Wine and civilisation have ever walked hand in hand. Which is the elder of the two I have no means of knowing but it is certain that practically all the worthwhile values in life have been developed in the great winegrowing lands. Palestine and Greece, Italy and Spain, France and the Rhineland — what a breed of world-weary morons we would be without them! What have the wineless lands bequeathed to us? The wandering nomads of the untilled steppes were reduced to fermenting their mares’ milk into what they called koumiss (though I may not disparage a delight I have never known).

The savage British Druid-ruled islanders could do no better than rob beehives to make mead, emerging fearfully a step or two from their smoky caves only when they gained the wit to grow barley and make beer, but sadly they lacked the skill to plant vines. They left us nothing. The Sandinavians scratched frost bitten fields for anything that might serve to make a coarse acqua vitae which after long centuries managed to inspire a few tormented playwrights and tremulous pianists. The desert-bred Saracens, perforce content with water, have left us only a few hints in architecture and the seductive charm of algebra. The Russians, when potatoes came over from Peru, could do no better than to turn them into soul-destroying vodka to provoke novels of harrowing gloom. What a sad, arid record have these vineless people to boast! How little they bequeathed to us to make the sentence of life more tolerable, let alone contributing to its fragile joy. What a pitiful contrast to the glory that was Greece and the grandeur that was Rome!

Wine is an intensely subjective, personal experience and one must curb any temptation to be opinionated and lay down laws about it. Having drunk wine, with nothing but good and gratitude, every day for sixty years I can feel only pity for those who have deprived themselves of one of the great consolations of life. But I repress any wish to rebuke, or instruct, their folly. (Where I have failed please judge with charity.)

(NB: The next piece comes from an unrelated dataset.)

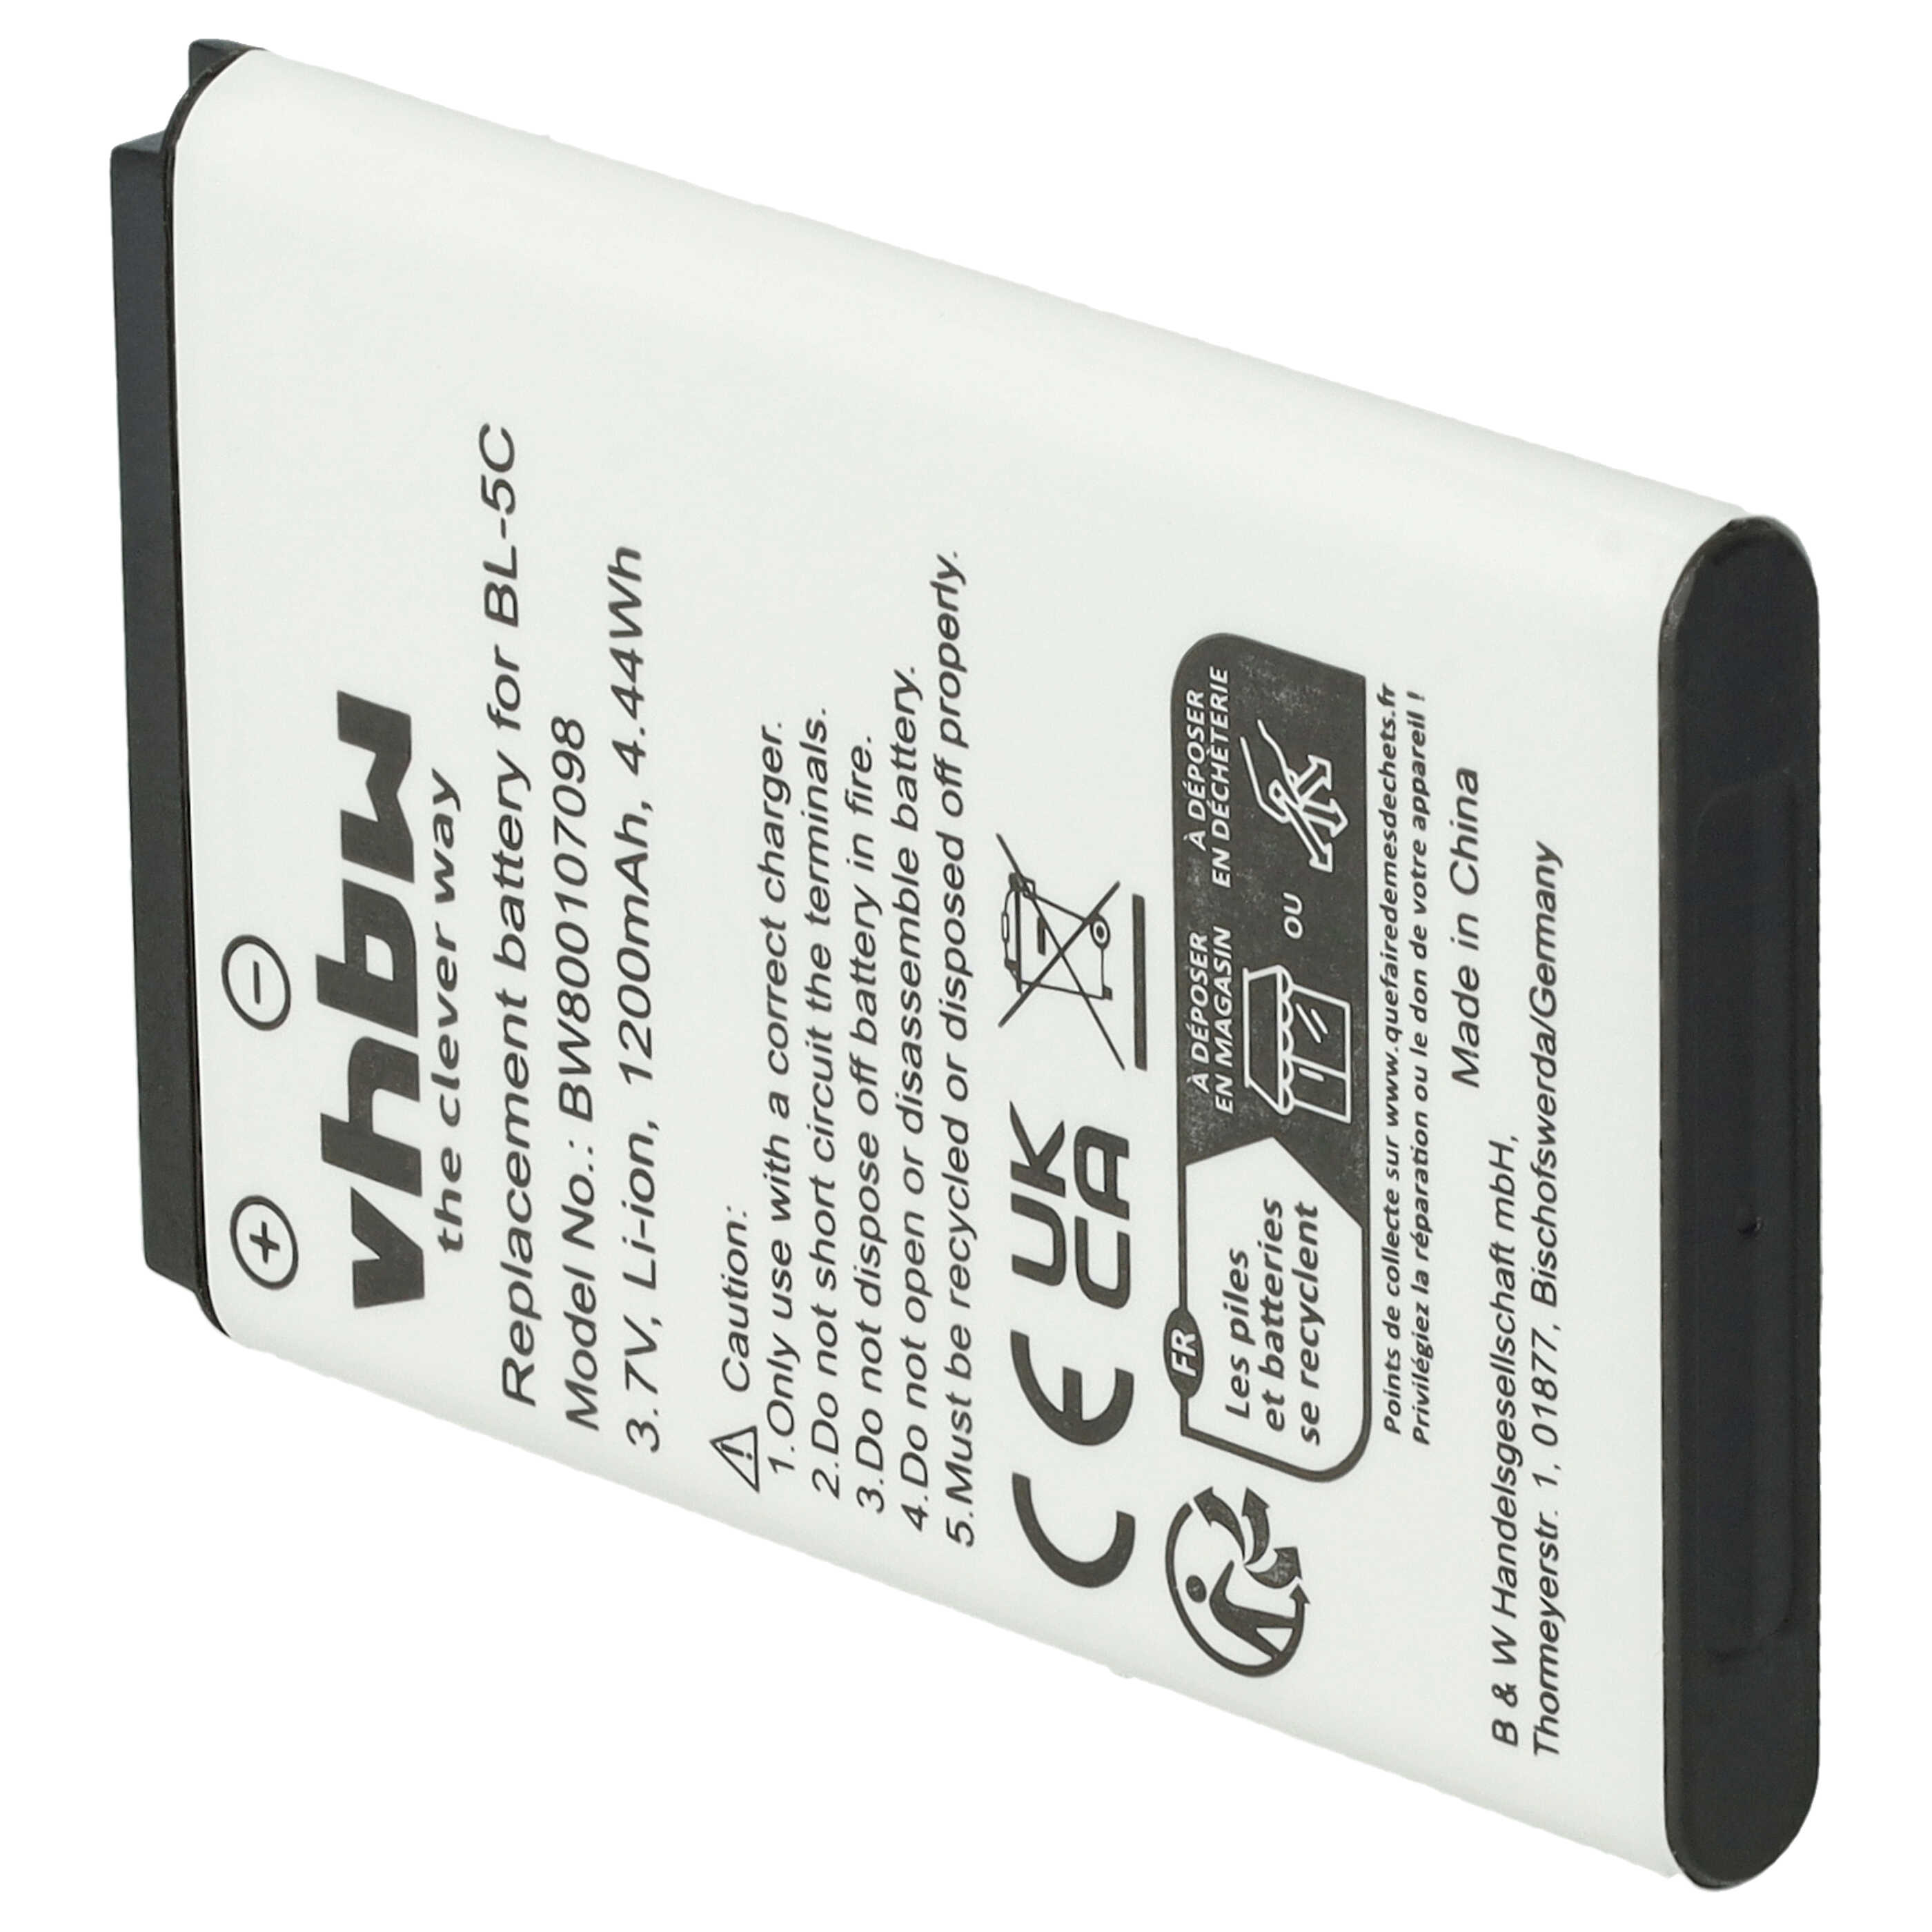 Batería reemplaza Alcatel RTR001F01 para teléfono fijo T-Com - 1200 mAh 3,7 V Li-Ion

Wine, either heavy or light, makes the most constant of good companions. It eases the loneliness which, whether we hear it clearly or not, is the background music to most people’s lives. Wine shapes and fits into our moods and talks with us, or at least whispers, but never quarrels, never rebukes our faults and errors. He was a wise man who once said that there are four things really worth cherishing in life — old friends to talk with, old books to read, old wood to burn and old wine to drink. The rest, he said, were not worth the pursuit.